The thing that attracted me to ELF research back at the first ELF conference in 2008 was the emphasis on researching used language – the naturally occurring linguistic output of ELF users doing something for a reason. This emphasis has lost ground since then, and in the roundtable discussion at last year’s ELF conference in Istanbul, it was suggested that ELF research needs less description and more conceptualisation. It seems people have listened, since the pedagogical conceptualisations were thick in the air in Rome, and work based on the two major ELF corpora – ELFA and VOICE – is in the background by comparison.
Some scholars will be fine with this situation, and it reflects the interest in the field, but the linguistic description of English used as a lingua franca has not been of a sufficient quality or depth to warrant the entire ELF community’s collective dusting off the hands at a job well done.

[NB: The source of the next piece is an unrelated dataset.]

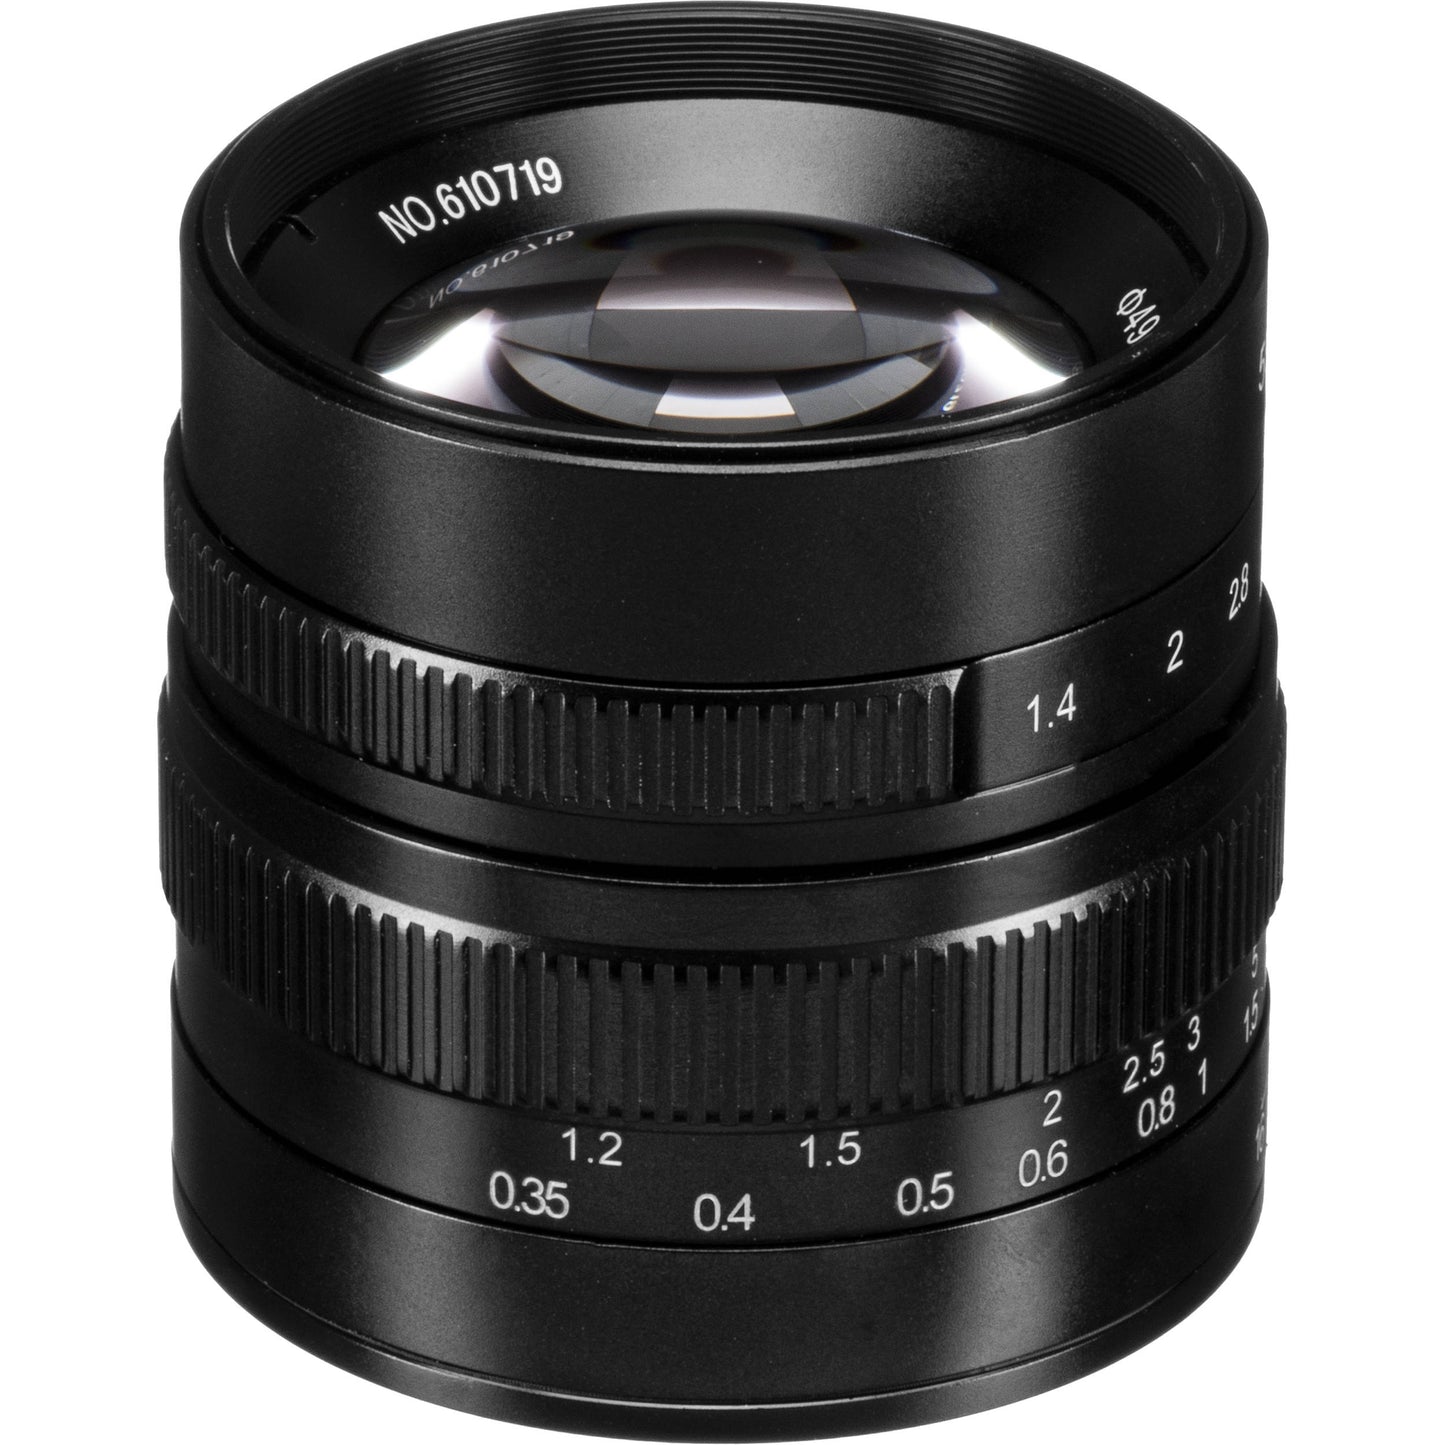 7Artisans 55mm f1.4 Photoelectric APS-C Manual Prime Lens for Panasonic/Olympus Micro Four Thirds MFT M4/3 Mirrorless Cameras with Bokeh Effect

The job is not done, nor has it been done particularly well. I appreciate ELT professionals’ urgency for bringing English teaching into the 21st century, but 2008 was only five years ago. The descriptive work is just beginning.
Intercultural Communication: data not included
The theme of the ELF6 conference was “Intercultural communication: new perspectives from ELF”. I completed a minor subject degree in this area a few years ago, and I can’t say I’m overjoyed to see IC (Intercultural Communication) gaining strength in ELF research. ELF is inherently intercultural; it’s woven into the fabric of a lingua franca. But I’ve always felt that ELF has a single huge advantage over IC research – linguistic data. Without this data, IC devolves into the most primitive form of humanistic amoeba, the copy-paste study.
Without getting too specific, I saw more than a few IC-oriented presenters with no original research or linguistic data. Instead, I sat in a room in one of the most interesting cities on earth and was shown a succession of copy-pasted block quotes from other people’s dataless studies (that’s when I left for Palatine Hill and the Roman Forum). Obviously my bias is toward empirical research, and when the theorisers, philosophisers, and conceptualisers can predict the phenomena in my data, I’ll start coming back to their talks.
All roads lead to Helsinki
The current ELF tour through the Greco-Roman world will conclude next year with ELF7 in Athens, after passing through Rome and Istanbul (with Constantinople right downstairs). The locations of the upcoming ELF conferences through 2017 were also announced, with China to follow in 2015, Spain in 2016, and for ELF10, it’s back to where it started in 2008 – right here at University of Helsinki. This means I’ll be involved in organising three conferences in five years, the recent Changing English (ChangE 2013) conference in June, its follow-up in 2015, and ELF10 in 2017, at which time I should also be defending my PhD thesis and making arrangements for an emotional collapse. At least in the process I’ll get to visit more interesting places.